Year = seq(2014, 2016)
Team = rep("New York Mets", 3)
W = c(79, 90, 87)
L = c(83, 72, 75)
mets = data.frame(Year, Team, W, L)
#if you are using RStudio, use the View() function to inspect the data frame
#View(mets)
mets
Year Team W L
1 2014 New York Mets 79 83
2 2015 New York Mets 90 72
3 2016 New York Mets 87 75
We can access the information in a data frame in many ways.
#use $ to access a data frame column
mets$Year
[1] 2014 2015 2016
#use logical expressions with vectors
mets$W[mets$W >= 81]
[1] 90 87
#data frame indexing: df[row, column]
mets[2, 3]
[1] 90
mets[ , c("W", "L")]
W L
1 79 83
2 90 72
3 87 75
mets[mets$Year==2016, c(3, 4)]
W L
3 87 75
mets[mets$W > mets$L, "Year"]
[1] 2015 2016
R has many built in functions. Some functions return one element.
max(mets$Year)
[1] 2016
sum(mets$W)
[1] 256
mean(mets$W)
[1] 85.33333
length(mets$Team)
[1] 3
Other functions return a vector the same length as the input.
paste(mets$Year, mets$Team, sep="---")
[1] "2014---New York Mets" "2015---New York Mets" "2016---New York Mets"
#apply a fuction to every element in a vector
sapply(mets$Year, function(x){ x-2000 })
[1] 14 15 16
#create a new column of the fly using $
mets$Games = mets$W + mets$L
#no spaces for column names, unless column name is inside ` `
mets$W.pct = round(mets$W/mets$Games, 3)
#vectorized if
mets$`Over 500` = ifelse(mets$W > mets$L, TRUE, FALSE)

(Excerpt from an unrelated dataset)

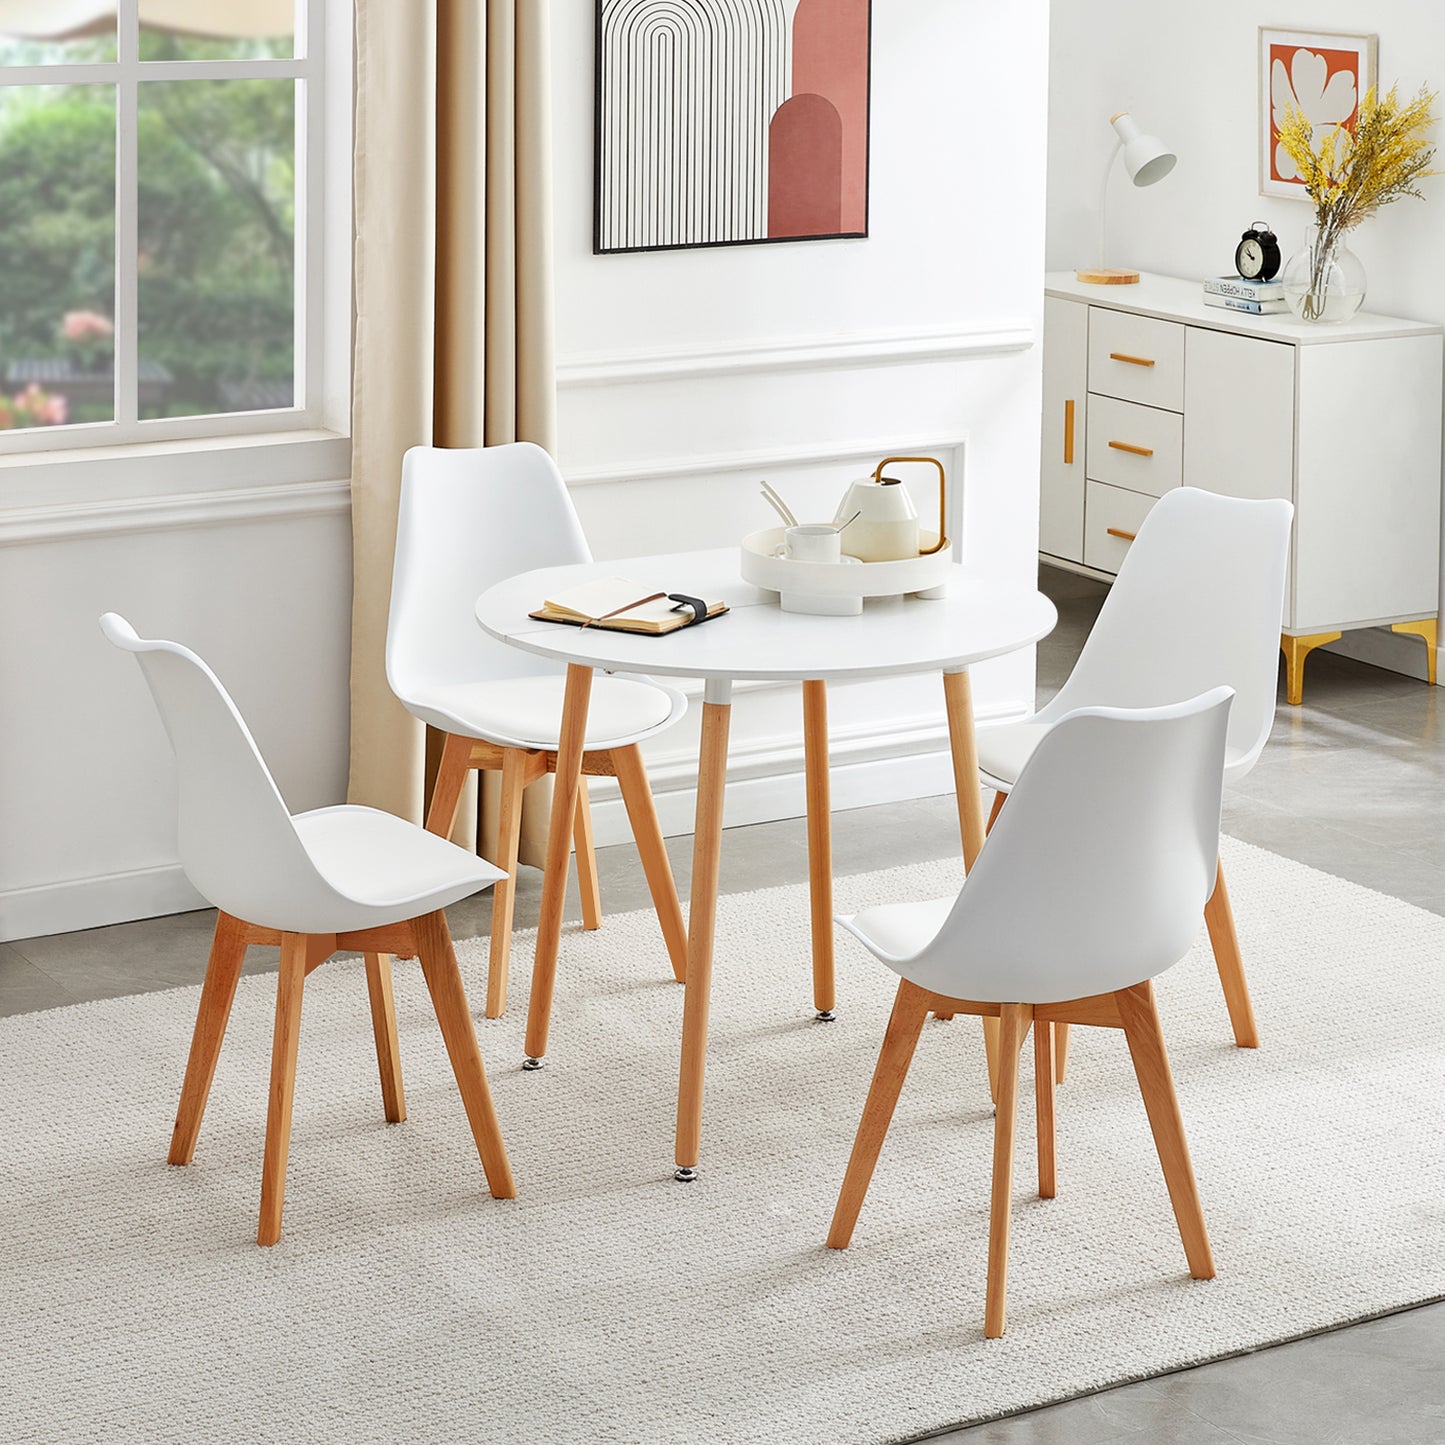 RONALD 90cm Splicing Circle Dining Table With Beech Legs-White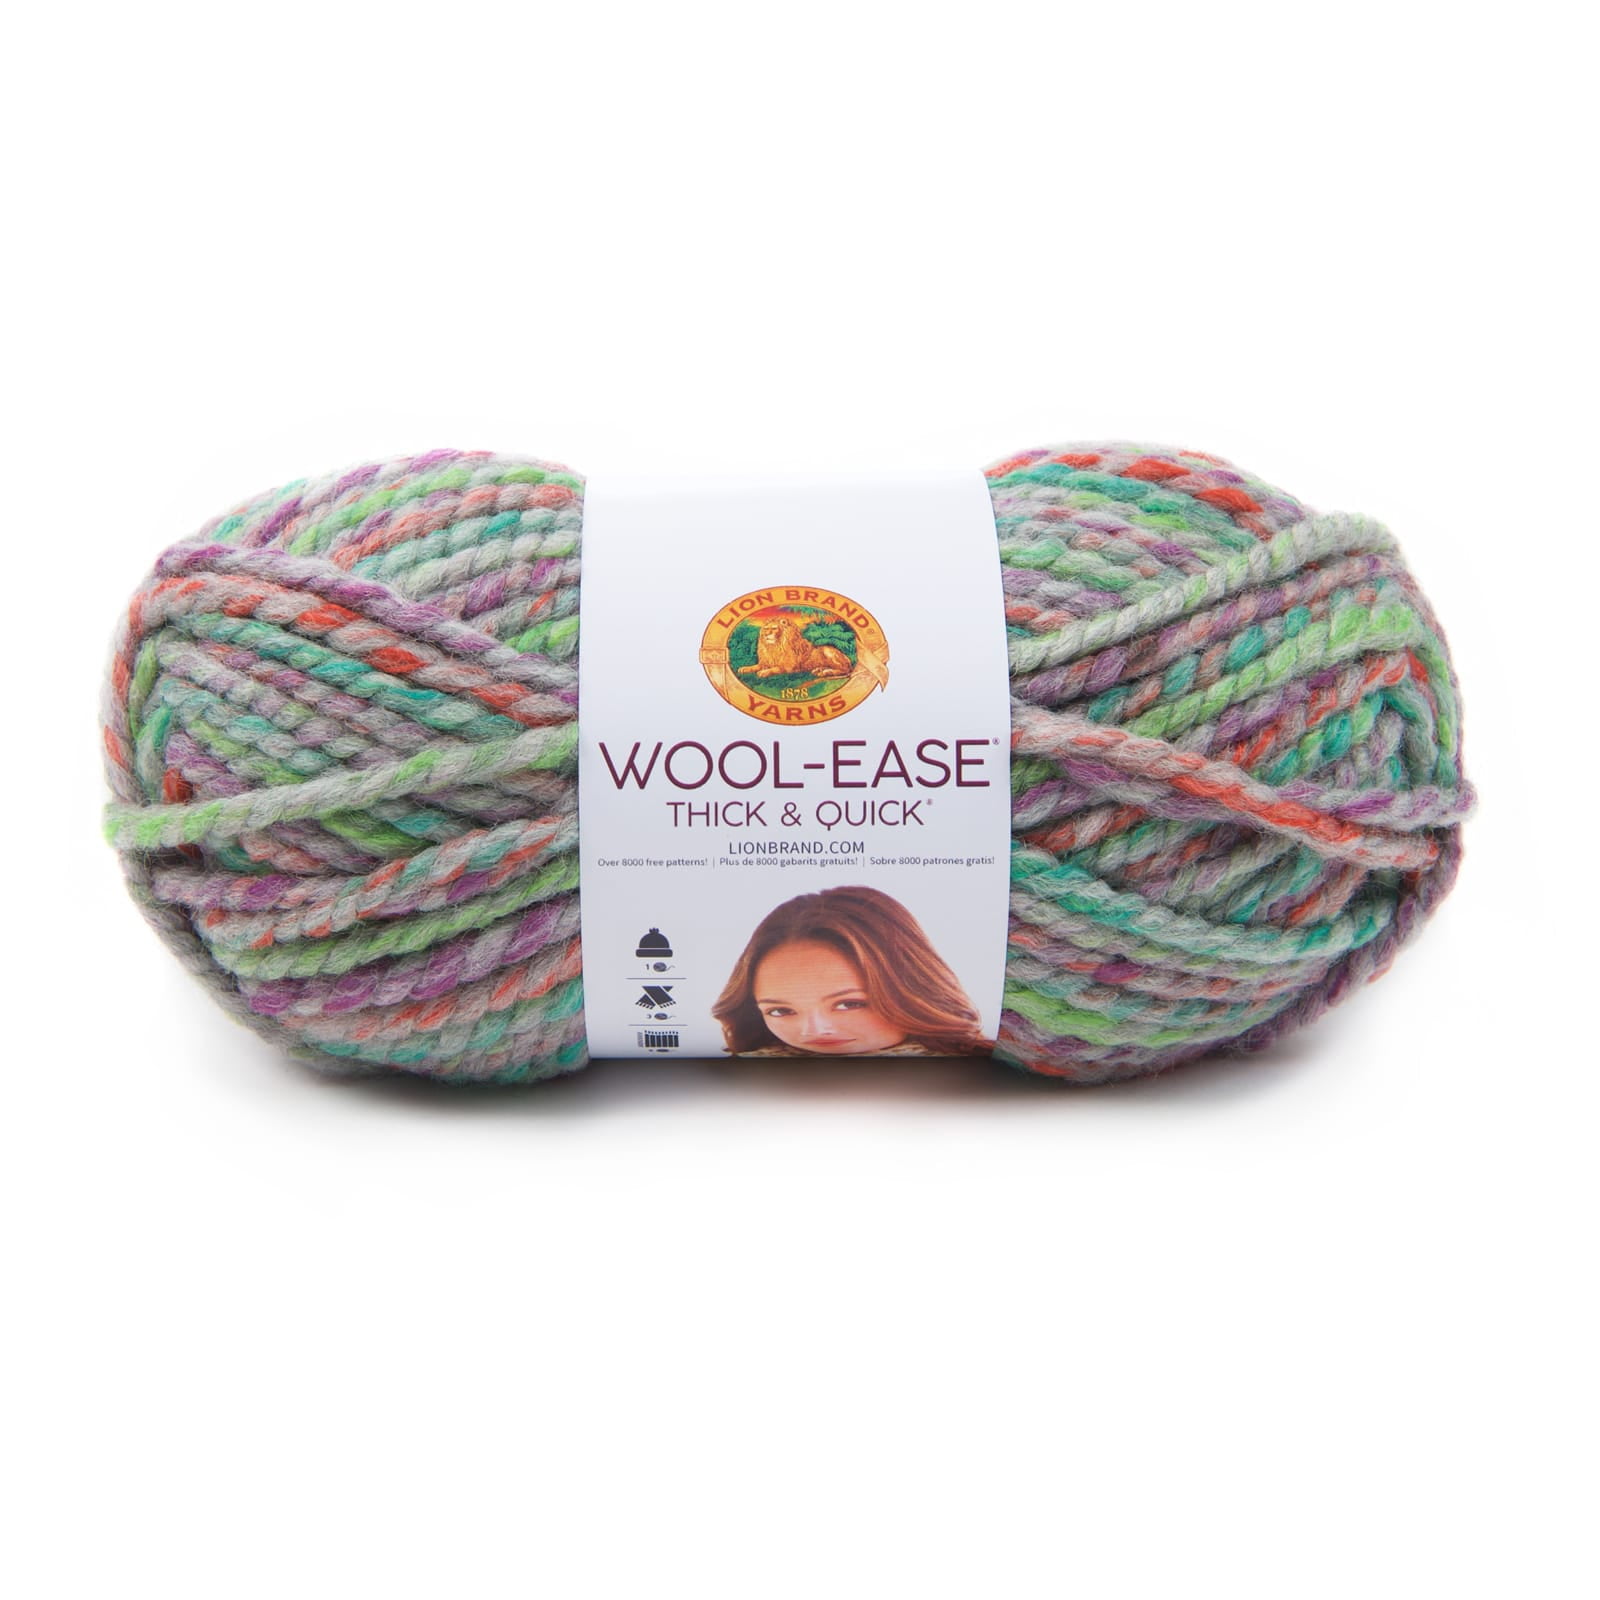 Lion Brand Wool-Ease Thick & Quick Yarn-Fern, 1 count - Gerbes

We can add rows and columns to our data frames using the rbind
and cbind
functions.
next_year = c(2017, "New York Mets", 162, 0, 162, 1.000, TRUE)
rbind(mets, next_year)
Year Team W L Games W.pct Over 500
1 2014 New York Mets 79 83 162 0.488 FALSE
2 2015 New York Mets 90 72 162 0.556 TRUE
3 2016 New York Mets 87 75 162 0.537 TRUE
4 2017 New York Mets 162 0 162 1 TRUE
cbind(mets, League=rep("NL", 3))
Year Team W L Games W.pct Over 500 League
1 2014 New York Mets 79 83 162 0.488 FALSE NL
2 2015 New York Mets 90 72 162 0.556 TRUE NL
3 2016 New York Mets 87 75 162 0.537 TRUE NL
#our changes to the data frame were not saved
#make sure to store any changes in a variable
mets_2 = cbind(mets, Manager=rep("Terry Collins", 3))
mets_2
Year Team W L Games W.pct Over 500 Manager
1 2014 New York Mets 79 83 162 0.488 FALSE Terry Collins
2 2015 New York Mets 90 72 162 0.556 TRUE Terry Collins
3 2016 New York Mets 87 75 162 0.537 TRUE Terry Collins
There are many ways to import datasets into R. read.csv
or readLines
can be used when we have a file we would like to work with. Many times R packages come with ready to use datasets.
#the cars dataset that is included with the basic R installation
data(mtcars)
#what are we wroking with?
colnames(mtcars)
[1] "mpg" "cyl" "disp" "hp" "drat" "wt" "qsec" "vs" "am" "gear"
[11] "carb"
nrow(mtcars)
[1] 32
#sneak a peek
head(mtcars) # or tail(mtcars)
mpg cyl disp hp drat wt qsec vs am gear carb
Mazda RX4 21.0 6 160 110 3.90 2.620 16.46 0 1 4 4
Mazda RX4 Wag 21.0 6 160 110 3.90 2.875 17.02 0 1 4 4
Datsun 710 22.8 4 108 93 3.85 2.320 18.61 1 1 4 1
Hornet 4 Drive 21.4 6 258 110 3.08 3.215 19.44 1 0 3 1
Hornet Sportabout 18.7 8 360 175 3.15 3.440 17.02 0 0 3 2
Valiant 18.1 6 225 105 2.76 3.460 20.22 1 0 3 1
#get a quick summary
summary(mtcars[ , c(1:4)])
mpg cyl disp hp
Min. :10.40 Min. :4.000 Min. : 71.1 Min. : 52.0
1st Qu.:15.43 1st Qu.:4.000 1st Qu.:120.8 1st Qu.: 96.5
Median :19.20 Median :6.000 Median :196.3 Median :123.0
Mean :20.09 Mean :6.188 Mean :230.7 Mean :146.7
3rd Qu.:22.80 3rd Qu.:8.000 3rd Qu.:326.0 3rd Qu.:180.0
Max. :33.90 Max. :8.000 Max. :472.0 Max. :335.0
Ok! Now we’re ready to move on to the fun stuff!